**PROBLEM**
Print, exactly as they appear in the listing below, the lines from the line with "Best quality, long" to the line with "Maison Martin Margiela", with both end lines kept.
[AVAILABLE DATA]
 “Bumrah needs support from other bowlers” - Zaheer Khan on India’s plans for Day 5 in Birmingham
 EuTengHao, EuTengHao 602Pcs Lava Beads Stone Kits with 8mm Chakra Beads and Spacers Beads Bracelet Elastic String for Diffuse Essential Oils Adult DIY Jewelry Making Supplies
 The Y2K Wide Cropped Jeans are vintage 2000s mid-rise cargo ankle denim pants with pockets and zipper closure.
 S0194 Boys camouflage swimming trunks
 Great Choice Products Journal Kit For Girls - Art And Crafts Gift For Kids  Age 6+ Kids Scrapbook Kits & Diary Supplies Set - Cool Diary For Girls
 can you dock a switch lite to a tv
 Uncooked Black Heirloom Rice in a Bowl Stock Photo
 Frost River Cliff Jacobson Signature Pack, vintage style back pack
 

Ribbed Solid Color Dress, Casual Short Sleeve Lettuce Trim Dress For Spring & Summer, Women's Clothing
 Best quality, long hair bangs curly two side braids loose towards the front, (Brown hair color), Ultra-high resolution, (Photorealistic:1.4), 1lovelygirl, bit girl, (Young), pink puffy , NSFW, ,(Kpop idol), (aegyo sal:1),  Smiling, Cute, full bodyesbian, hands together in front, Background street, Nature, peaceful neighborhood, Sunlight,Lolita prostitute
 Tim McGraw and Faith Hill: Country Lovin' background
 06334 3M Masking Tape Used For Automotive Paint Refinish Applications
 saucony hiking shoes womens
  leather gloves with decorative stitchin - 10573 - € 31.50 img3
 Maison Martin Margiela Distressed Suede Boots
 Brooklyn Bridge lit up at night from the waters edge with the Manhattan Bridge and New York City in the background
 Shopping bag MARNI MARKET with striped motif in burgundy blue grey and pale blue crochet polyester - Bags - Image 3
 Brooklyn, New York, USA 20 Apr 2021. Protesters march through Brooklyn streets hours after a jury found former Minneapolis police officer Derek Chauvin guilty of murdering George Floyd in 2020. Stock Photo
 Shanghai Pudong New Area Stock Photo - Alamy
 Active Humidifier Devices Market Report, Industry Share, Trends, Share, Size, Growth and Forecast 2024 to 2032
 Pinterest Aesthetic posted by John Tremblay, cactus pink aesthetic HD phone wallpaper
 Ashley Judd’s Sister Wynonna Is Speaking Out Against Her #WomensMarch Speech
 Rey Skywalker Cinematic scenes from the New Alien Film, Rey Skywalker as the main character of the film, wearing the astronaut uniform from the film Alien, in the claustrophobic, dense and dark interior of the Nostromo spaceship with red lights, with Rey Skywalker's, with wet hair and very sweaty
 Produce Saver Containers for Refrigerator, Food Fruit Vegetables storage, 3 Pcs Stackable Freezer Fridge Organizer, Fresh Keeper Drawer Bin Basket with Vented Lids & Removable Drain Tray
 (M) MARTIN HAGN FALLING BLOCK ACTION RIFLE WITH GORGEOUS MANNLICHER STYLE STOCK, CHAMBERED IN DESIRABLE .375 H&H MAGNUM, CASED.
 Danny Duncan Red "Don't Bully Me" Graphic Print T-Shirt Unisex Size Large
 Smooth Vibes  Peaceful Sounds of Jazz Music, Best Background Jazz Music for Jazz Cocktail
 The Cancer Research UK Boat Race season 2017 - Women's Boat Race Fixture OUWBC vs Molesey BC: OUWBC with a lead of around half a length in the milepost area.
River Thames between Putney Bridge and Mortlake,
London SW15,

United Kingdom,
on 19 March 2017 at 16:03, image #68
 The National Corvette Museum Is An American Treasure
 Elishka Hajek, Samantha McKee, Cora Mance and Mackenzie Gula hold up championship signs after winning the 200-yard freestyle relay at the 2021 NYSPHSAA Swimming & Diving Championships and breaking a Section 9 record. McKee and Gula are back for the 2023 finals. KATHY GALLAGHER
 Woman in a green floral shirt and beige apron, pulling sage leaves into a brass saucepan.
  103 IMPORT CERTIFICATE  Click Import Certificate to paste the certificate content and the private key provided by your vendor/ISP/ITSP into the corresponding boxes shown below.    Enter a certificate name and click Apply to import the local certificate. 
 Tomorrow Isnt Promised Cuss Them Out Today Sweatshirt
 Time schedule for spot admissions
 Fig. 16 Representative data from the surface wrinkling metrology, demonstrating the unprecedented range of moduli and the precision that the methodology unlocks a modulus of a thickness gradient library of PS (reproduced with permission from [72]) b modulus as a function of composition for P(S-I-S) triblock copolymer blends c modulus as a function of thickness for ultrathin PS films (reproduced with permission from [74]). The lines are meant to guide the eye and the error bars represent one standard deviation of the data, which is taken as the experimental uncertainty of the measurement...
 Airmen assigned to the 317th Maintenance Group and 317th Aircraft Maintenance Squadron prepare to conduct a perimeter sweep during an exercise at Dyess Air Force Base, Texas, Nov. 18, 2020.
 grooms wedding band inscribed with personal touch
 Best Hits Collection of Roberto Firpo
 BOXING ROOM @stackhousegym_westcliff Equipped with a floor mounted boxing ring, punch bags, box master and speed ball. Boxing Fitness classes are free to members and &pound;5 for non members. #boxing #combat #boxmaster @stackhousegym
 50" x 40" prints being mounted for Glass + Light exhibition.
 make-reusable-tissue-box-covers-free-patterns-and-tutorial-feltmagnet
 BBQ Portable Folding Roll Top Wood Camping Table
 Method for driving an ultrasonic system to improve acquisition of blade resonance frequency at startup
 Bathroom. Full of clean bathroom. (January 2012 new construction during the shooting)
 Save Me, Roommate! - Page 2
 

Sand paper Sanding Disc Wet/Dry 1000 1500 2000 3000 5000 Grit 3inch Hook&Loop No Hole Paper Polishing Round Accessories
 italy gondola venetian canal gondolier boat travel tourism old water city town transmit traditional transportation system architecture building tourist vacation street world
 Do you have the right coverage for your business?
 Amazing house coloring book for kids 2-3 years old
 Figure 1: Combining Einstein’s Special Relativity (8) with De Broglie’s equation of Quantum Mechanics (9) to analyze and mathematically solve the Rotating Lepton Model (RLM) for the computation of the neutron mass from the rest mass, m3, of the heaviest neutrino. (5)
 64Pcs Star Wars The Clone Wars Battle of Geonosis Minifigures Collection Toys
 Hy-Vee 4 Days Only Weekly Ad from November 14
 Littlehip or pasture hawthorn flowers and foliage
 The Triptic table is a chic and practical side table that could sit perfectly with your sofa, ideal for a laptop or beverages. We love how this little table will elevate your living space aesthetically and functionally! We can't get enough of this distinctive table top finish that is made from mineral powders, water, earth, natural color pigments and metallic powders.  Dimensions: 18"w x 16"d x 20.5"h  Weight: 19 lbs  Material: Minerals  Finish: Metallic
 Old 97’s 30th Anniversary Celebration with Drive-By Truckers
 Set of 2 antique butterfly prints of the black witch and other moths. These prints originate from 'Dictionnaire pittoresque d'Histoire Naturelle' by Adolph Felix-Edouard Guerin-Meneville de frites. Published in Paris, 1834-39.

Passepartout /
[/AVAILABLE DATA]
**YOUR SOLUTION**
 Best quality, long hair bangs curly two side braids loose towards the front, (Brown hair color), Ultra-high resolution, (Photorealistic:1.4), 1lovelygirl, bit girl, (Young), pink puffy , NSFW, ,(Kpop idol), (aegyo sal:1),  Smiling, Cute, full bodyesbian, hands together in front, Background street, Nature, peaceful neighborhood, Sunlight,Lolita prostitute
 Tim McGraw and Faith Hill: Country Lovin' background
 06334 3M Masking Tape Used For Automotive Paint Refinish Applications
 saucony hiking shoes womens
  leather gloves with decorative stitchin - 10573 - € 31.50 img3
 Maison Martin Margiela Distressed Suede Boots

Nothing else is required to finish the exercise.